» The data

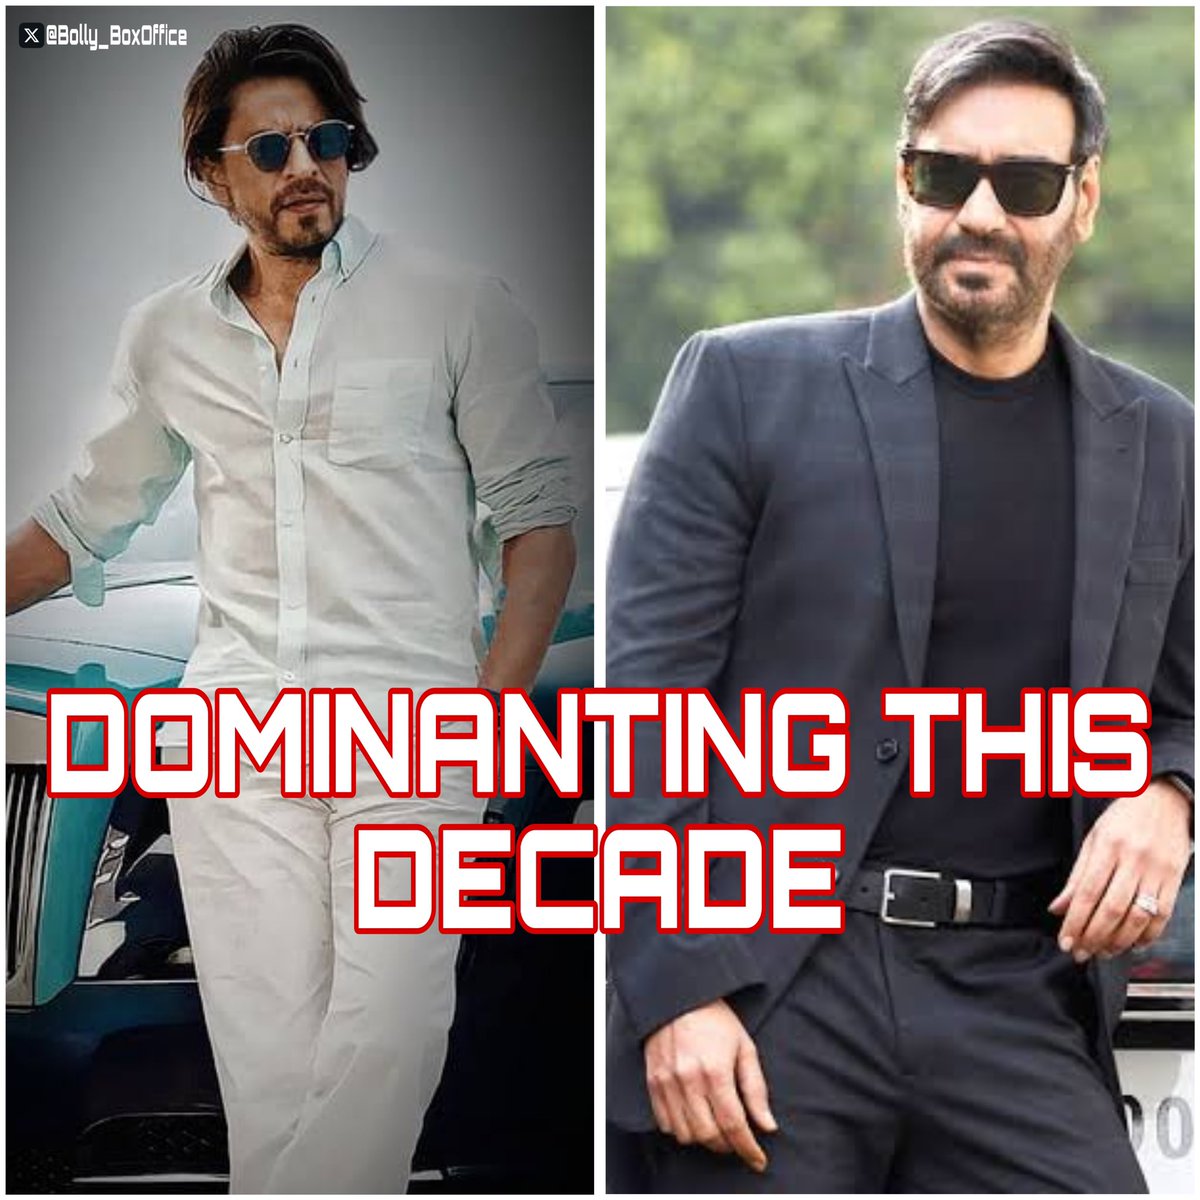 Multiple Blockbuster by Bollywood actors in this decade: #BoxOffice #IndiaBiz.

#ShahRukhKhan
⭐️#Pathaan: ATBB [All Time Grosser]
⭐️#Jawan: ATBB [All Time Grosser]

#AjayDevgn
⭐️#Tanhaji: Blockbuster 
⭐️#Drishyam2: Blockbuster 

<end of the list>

* * *

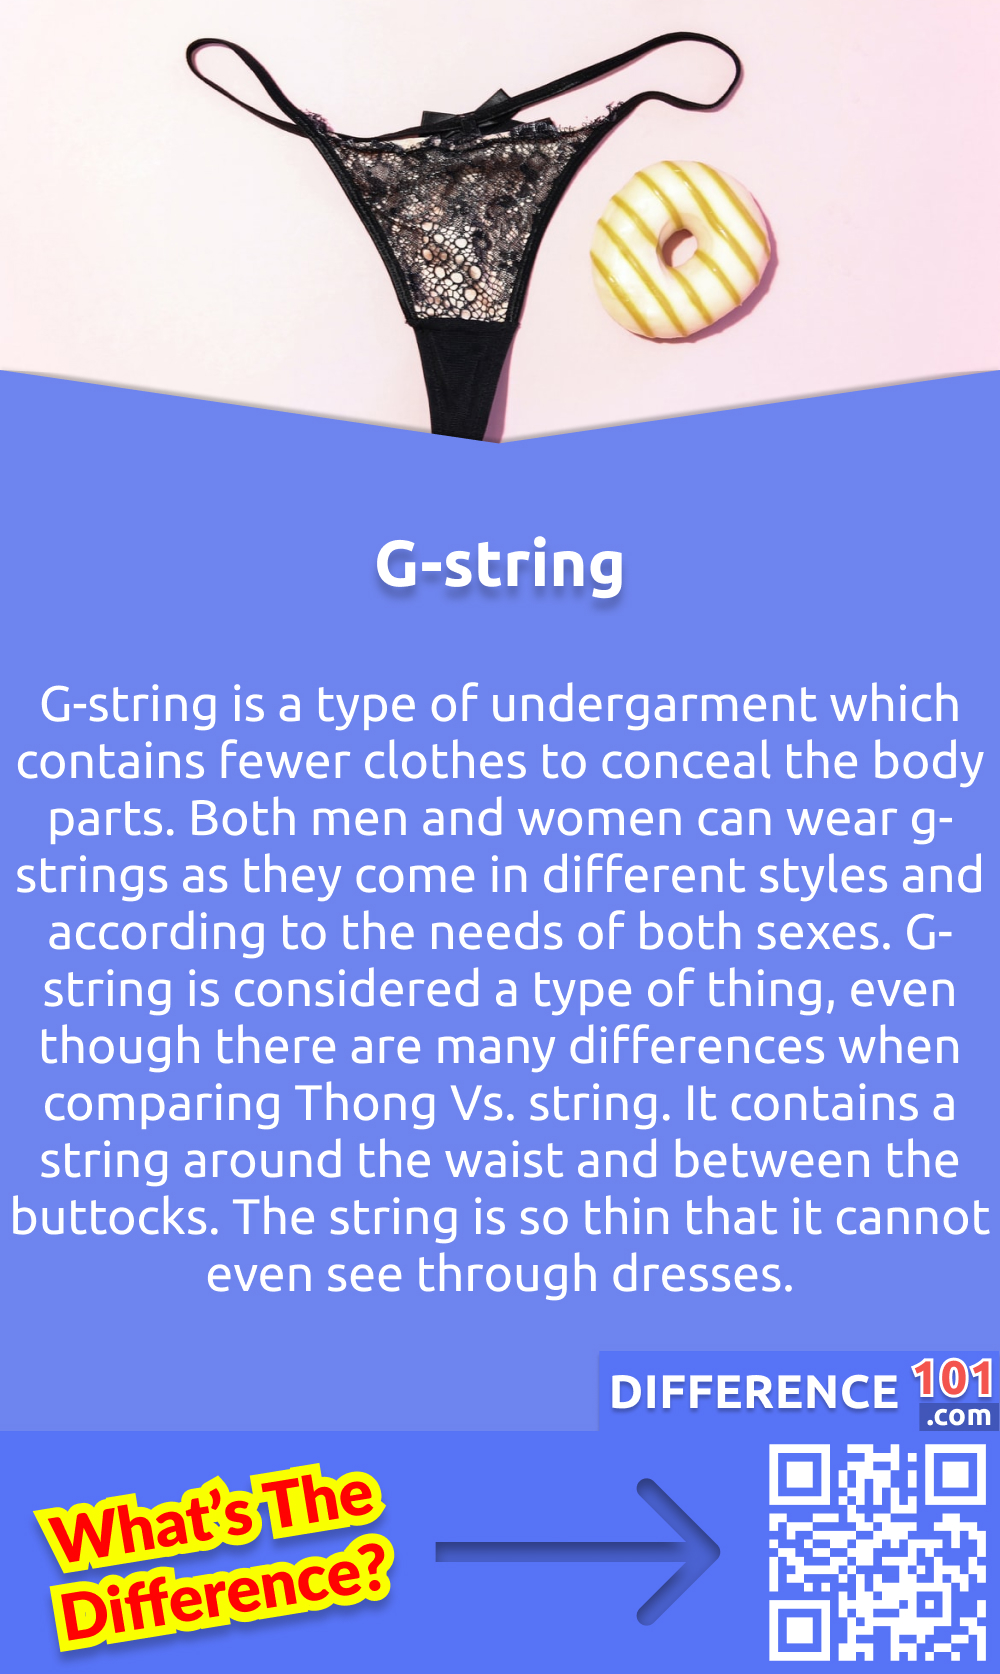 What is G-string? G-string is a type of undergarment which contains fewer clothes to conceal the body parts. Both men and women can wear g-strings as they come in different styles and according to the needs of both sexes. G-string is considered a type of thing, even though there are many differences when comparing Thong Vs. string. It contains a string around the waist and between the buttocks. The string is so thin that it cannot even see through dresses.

» Exercise instructions
Select and copy each line from the data that includes the word "Time".

» Task output
⭐️#Pathaan: ATBB [All Time Grosser]
⭐️#Jawan: ATBB [All Time Grosser]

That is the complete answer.